More things you may or may not know about Bobby Jones, according to his grandson:
... Bobby was a sickly child and didn’t eat solid food until he was 5. Before that, his diet consisted mainly of pabulum.
… Bobby’s favorite sport growing up wasn’t golf. It was baseball. He was a catcher, then moved to the outfield because it was safer.
… Bobby’s first tournament was at age 6. It was a six-hole match between several children at East Lake Golf Club. He won a small silver cup, which he cherished and kept the rest of his life. It’s now on display at the Atlanta Athletic Club.
… Bobby first broke 80 at age 10. He won the Druid Hills club championship that year.
… At age 14, Bobby won the Georgia State Amateur at Brookhaven. He then traveled to Merion Golf Club near Philadelphia for the U.S. Amateur and led first-round qualifying, losing in the third round to the eventual tournament winner.
… Bobby was a notorious club thrower early in his career. In a 1916 match, he defeated Eben Byers — another club-thrower — and famously said, “I think I beat him because he ran out of clubs first.” An incident in which he injured a woman with a thrown club — coupled with a stern letter from USGA President George Herbert Walker — made Jones change his temperament from that point on.
… A loss at Pebble Beach in the U.S. Open led Bobby to a chance meeting with golf course architect Alister MacKenzie. Since he was in the area, Bobby decided to play a round at nearby Cypress Point, designed by MacKenzie. Eventually the two worked together to design Augusta National.
… From 1916 until he retired in 1930, Bobby never lost in match play to the same opponent twice.
… Bobby was a voracious reader and had an extreme intellectual curiosity. He graduated from Georgia Tech in 1922 with a mechanical engineering degree and then two years later, earned a degree in English Literature from Harvard.
… Despite being a lawyer for most of his life, Bobby never finished law school. He completed three semesters at Emory University, then decided to take the bar exam. After passing it, he dropped out and joined his father’s law firm.
… In an effort to make the game more manageable for the average player, Bobby designed the first set of steel shafts for the A.G. Spaulding Company in the early 1930s.
… Bobby made a series of instructional films in Hollywood between 1931 and 1933 to help teach the game to the average golfer.
… At 40, Bobby enlisted in the U.S. Army and came ashore at Normandy on the day after D-Day in 1943. He spent several months as an interrogator of captured prisoners of war.
… Bobby had amazing hand-to-eye coordination. He was a master at badminton, ping pong and tennis.
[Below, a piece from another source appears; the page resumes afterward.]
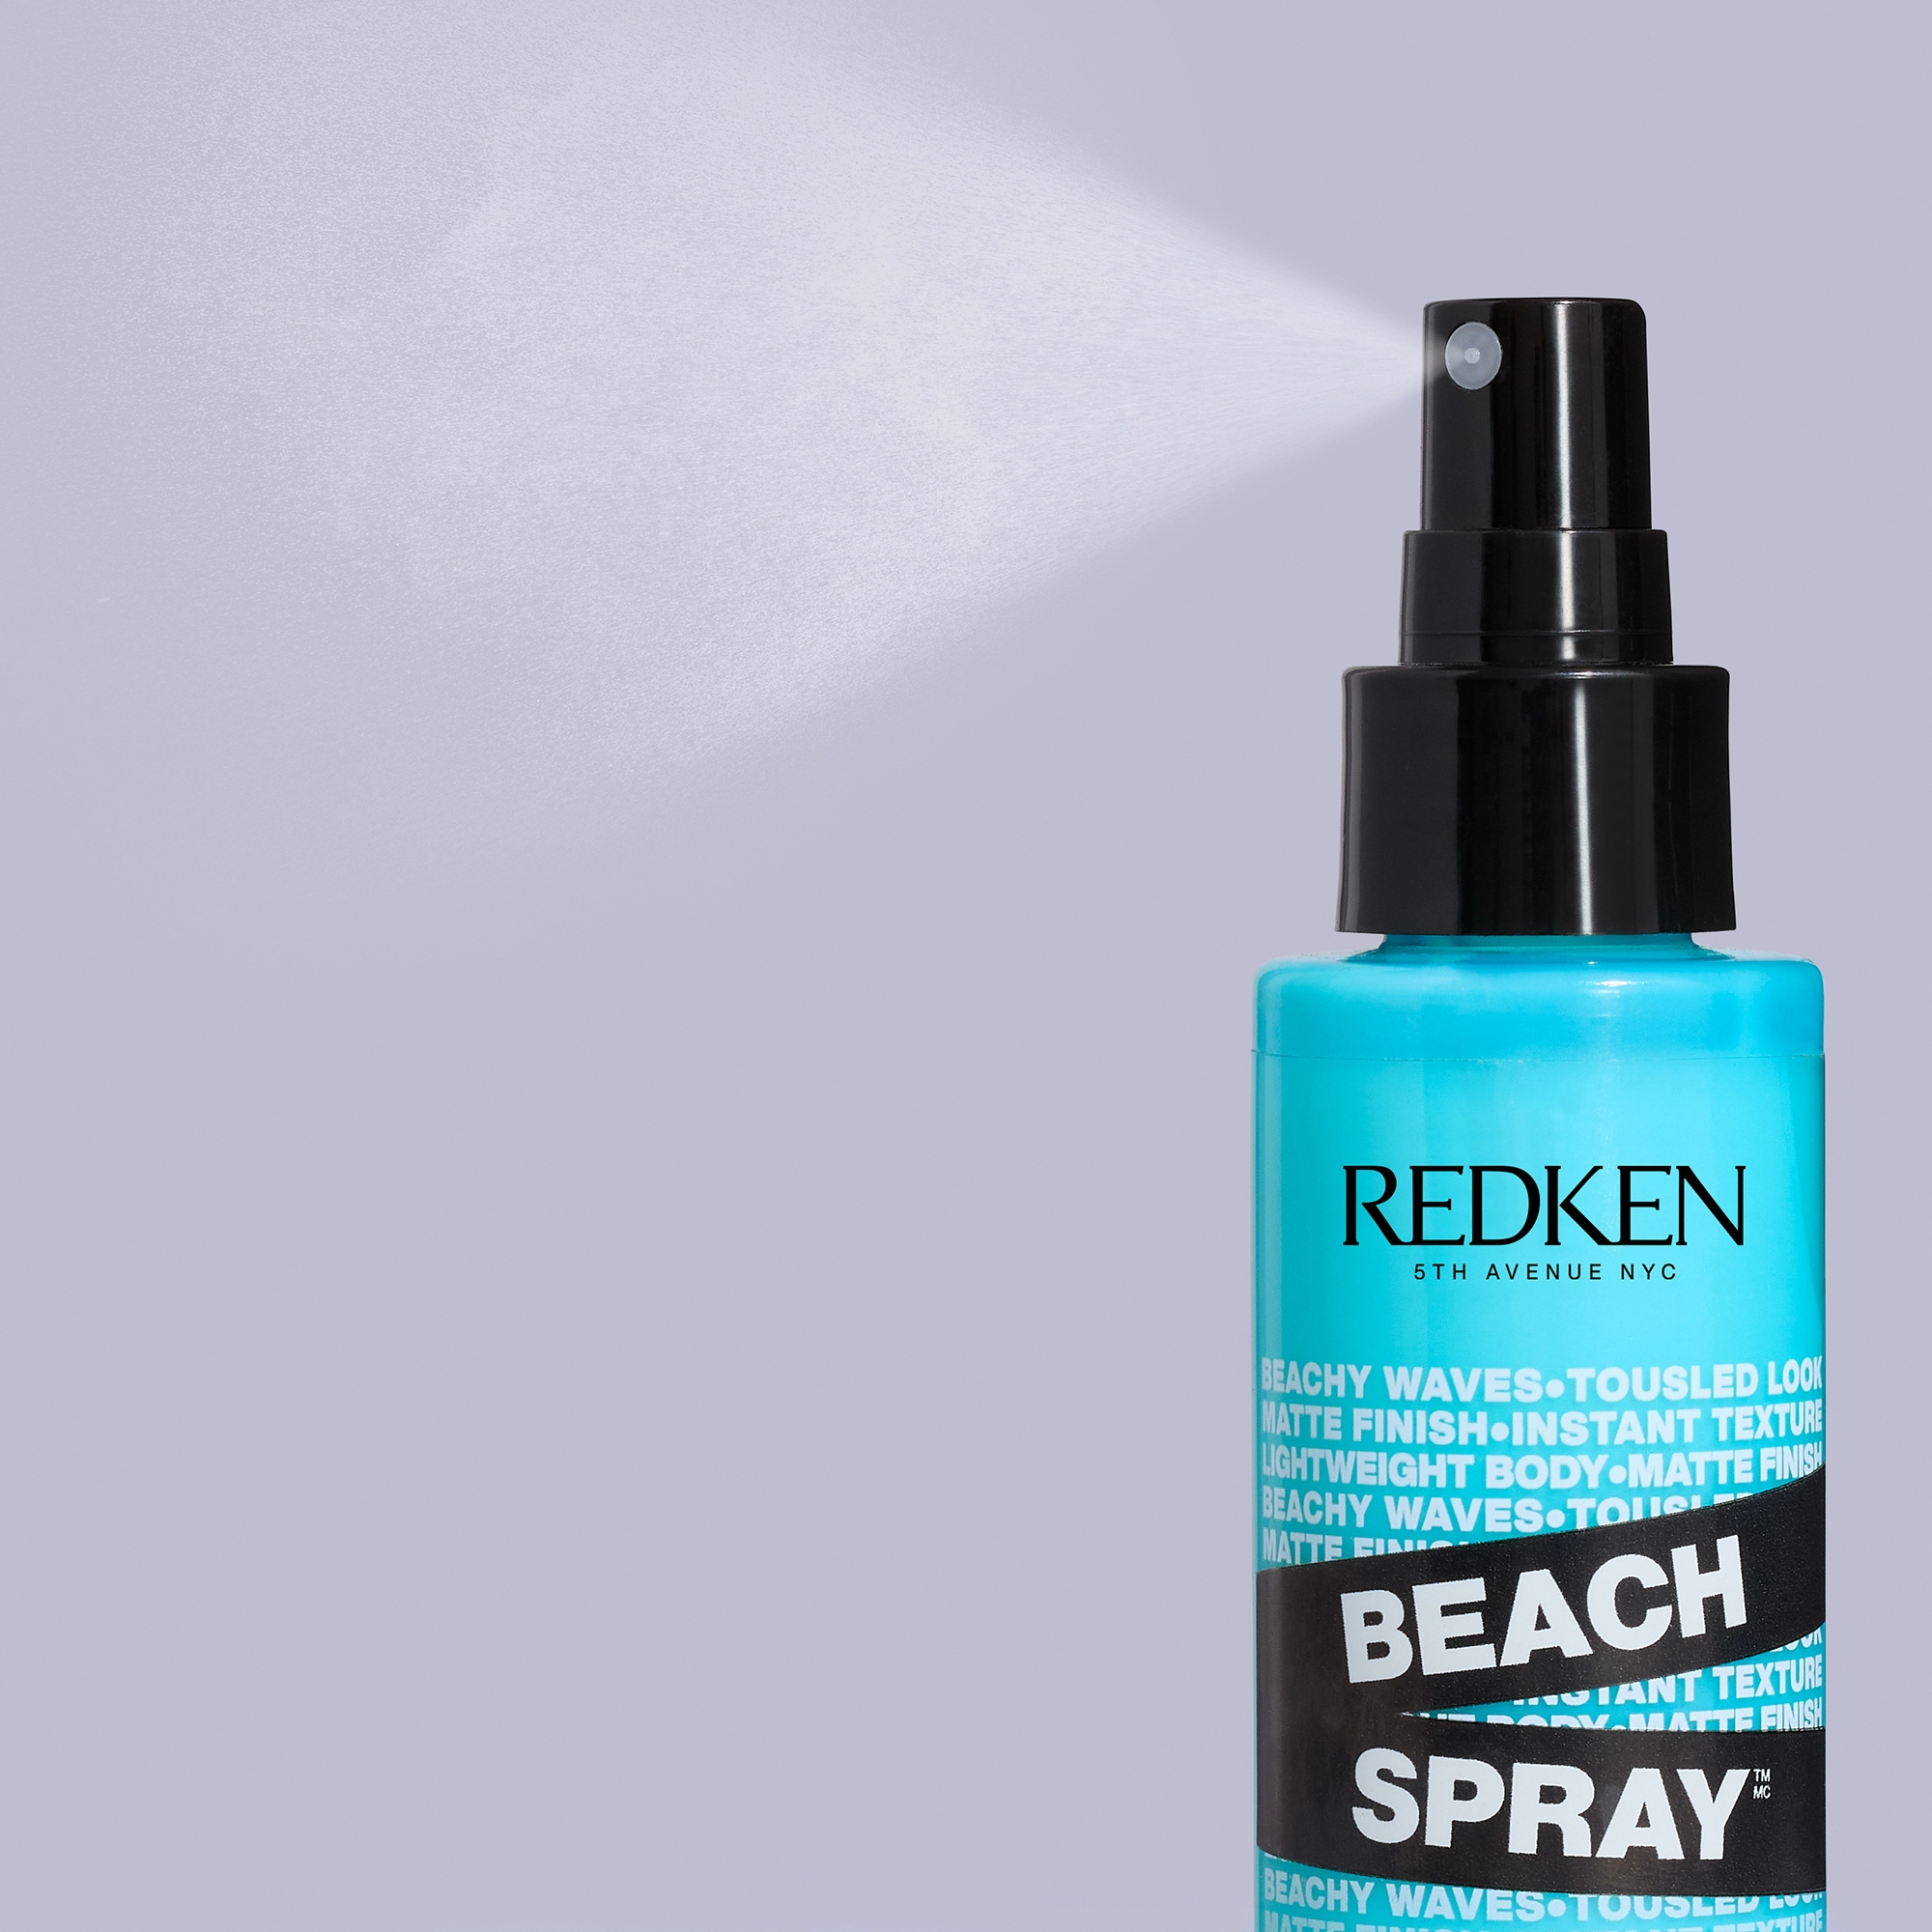 Redken-2022-NA-Beach-Spray-Ecom-ATF-Spray-Texture-No-Copy-2000×2000

… Bobby’s death was indirectly the result of a lightning strike in 1929. He was playing a round at East Lake with friends when a sudden storm appeared. They took refuge next to the clubhouse, but a lightning bolt struck the building’s chimney, sending a shower of bricks and other debris raining down. Bobby was hit in the neck. And the resulting injury eventually led to fluid building in his spinal cord — syringomyelia — a crippling disease that left him wheelchair-bound. He died in Atlanta in 1971.